The Al Wahda Arches (also called 5/6 Arch, Qatar Arch, Gateway Arch) is a monumental pair of 20° inclined steel arches, spanning the "5/6 interchange" of the Lusail Expressway, Qatar which connects West Bay with Lusail City. It is the tallest monument in the country and has received a 2020 International Design Award and 2018 ENR Global Best Project award. Intended to be viewed while in motion as an "immersive public artwork", the arches are connected to each other by a cable net – a reference to Qatar's pearl diving heritage. The structure itself consists of 54 large steel pieces, weighing over 9,000 tons, while the base of the arches are clad in Limra Limestone from Turkey.

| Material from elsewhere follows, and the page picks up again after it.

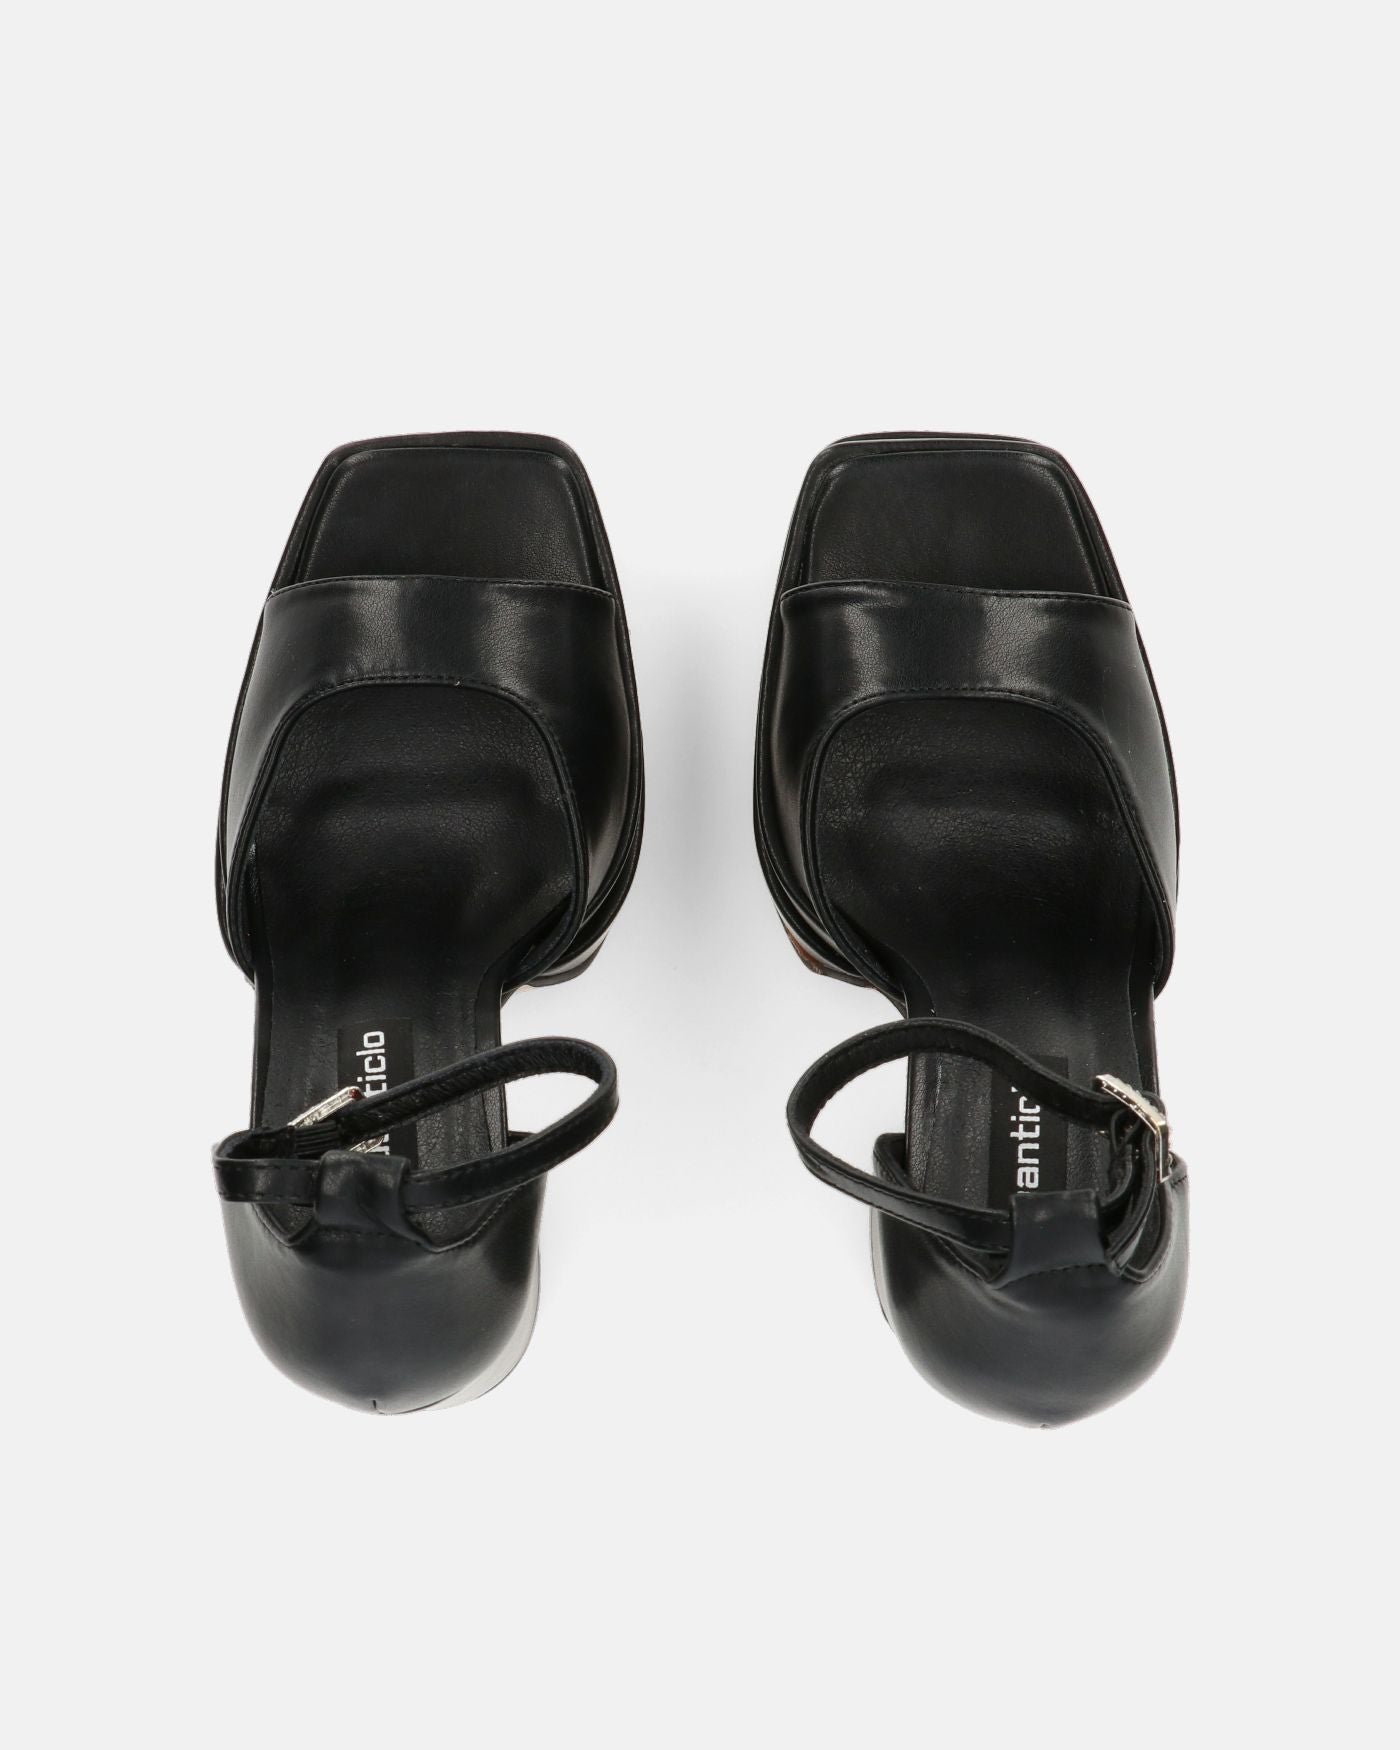 AVA - sandali con tacchi alti in ecopelle nera e gemme nel cinturino

The monument, suspended viewing platform, and associated visitor centre were commissioned by Ashghal (the public works authority), designed by German architect Erik Behrens for AECOM, engineering by Maffeis Engineering and constructed by Eversendai – with an intended completion date of 2016. At a cost of $74m, construction began in December 2013 and after partial completion was inaugurated along with the expressway for National Day celebrations in December 2017. Due to construction occurring during the 2017 Qatar blockade the arches have taken on a local cultural significance of "resilience", and are now known as the 5/6 Arches (referring to 5 June when the diplomatic crisis began) along with "5/6 interchange" and the neighbouring "5/6 park". The construction expressway interchange and Arches replaced the "Rainbow (Arch) roundabout" which used to stand on the site.

In 2018 Ashghal and Qatar Post issued a set of commemorative stamps featuring the arches which integrated with an associated augmented reality phone application.